• **Records from a data source**
━━━━━━━━━━━━━━━━

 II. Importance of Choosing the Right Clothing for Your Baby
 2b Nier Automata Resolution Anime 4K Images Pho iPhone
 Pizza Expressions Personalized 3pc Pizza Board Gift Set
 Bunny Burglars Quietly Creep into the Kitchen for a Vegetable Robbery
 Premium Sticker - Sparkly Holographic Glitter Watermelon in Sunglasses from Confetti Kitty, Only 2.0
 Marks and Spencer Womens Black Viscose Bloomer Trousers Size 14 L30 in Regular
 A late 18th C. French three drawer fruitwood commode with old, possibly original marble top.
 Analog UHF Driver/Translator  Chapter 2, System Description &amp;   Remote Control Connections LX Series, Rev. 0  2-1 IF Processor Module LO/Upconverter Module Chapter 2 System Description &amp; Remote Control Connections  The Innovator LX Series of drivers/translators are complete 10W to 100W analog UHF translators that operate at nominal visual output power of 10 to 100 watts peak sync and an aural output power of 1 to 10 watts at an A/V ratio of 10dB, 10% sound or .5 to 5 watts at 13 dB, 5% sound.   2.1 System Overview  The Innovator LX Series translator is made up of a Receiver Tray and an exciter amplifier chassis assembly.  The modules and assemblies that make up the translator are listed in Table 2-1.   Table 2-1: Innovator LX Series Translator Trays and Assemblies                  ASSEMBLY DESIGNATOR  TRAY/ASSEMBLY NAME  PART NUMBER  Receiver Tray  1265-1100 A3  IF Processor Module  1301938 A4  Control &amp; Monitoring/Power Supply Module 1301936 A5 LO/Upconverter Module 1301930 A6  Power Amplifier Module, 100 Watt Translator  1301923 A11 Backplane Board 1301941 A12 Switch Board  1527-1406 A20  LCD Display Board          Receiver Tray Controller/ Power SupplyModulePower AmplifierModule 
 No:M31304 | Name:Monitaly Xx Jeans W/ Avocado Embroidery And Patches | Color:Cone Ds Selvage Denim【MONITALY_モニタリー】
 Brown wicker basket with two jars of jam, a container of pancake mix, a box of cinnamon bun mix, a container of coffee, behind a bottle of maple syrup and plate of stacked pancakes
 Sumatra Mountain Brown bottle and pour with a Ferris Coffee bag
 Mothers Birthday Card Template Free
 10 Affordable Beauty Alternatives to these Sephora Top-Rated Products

━━━━━━━━━━━━━━━━

• **ACTIVITY**
Nothing but the lines from the first line of the data through the line with "A late 18th" should be returned, exactly as they appear, both ends included.

• **THE ANSWER**
 II. Importance of Choosing the Right Clothing for Your Baby
 2b Nier Automata Resolution Anime 4K Images Pho iPhone
 Pizza Expressions Personalized 3pc Pizza Board Gift Set
 Bunny Burglars Quietly Creep into the Kitchen for a Vegetable Robbery
 Premium Sticker - Sparkly Holographic Glitter Watermelon in Sunglasses from Confetti Kitty, Only 2.0
 Marks and Spencer Womens Black Viscose Bloomer Trousers Size 14 L30 in Regular
 A late 18th C. French three drawer fruitwood commode with old, possibly original marble top.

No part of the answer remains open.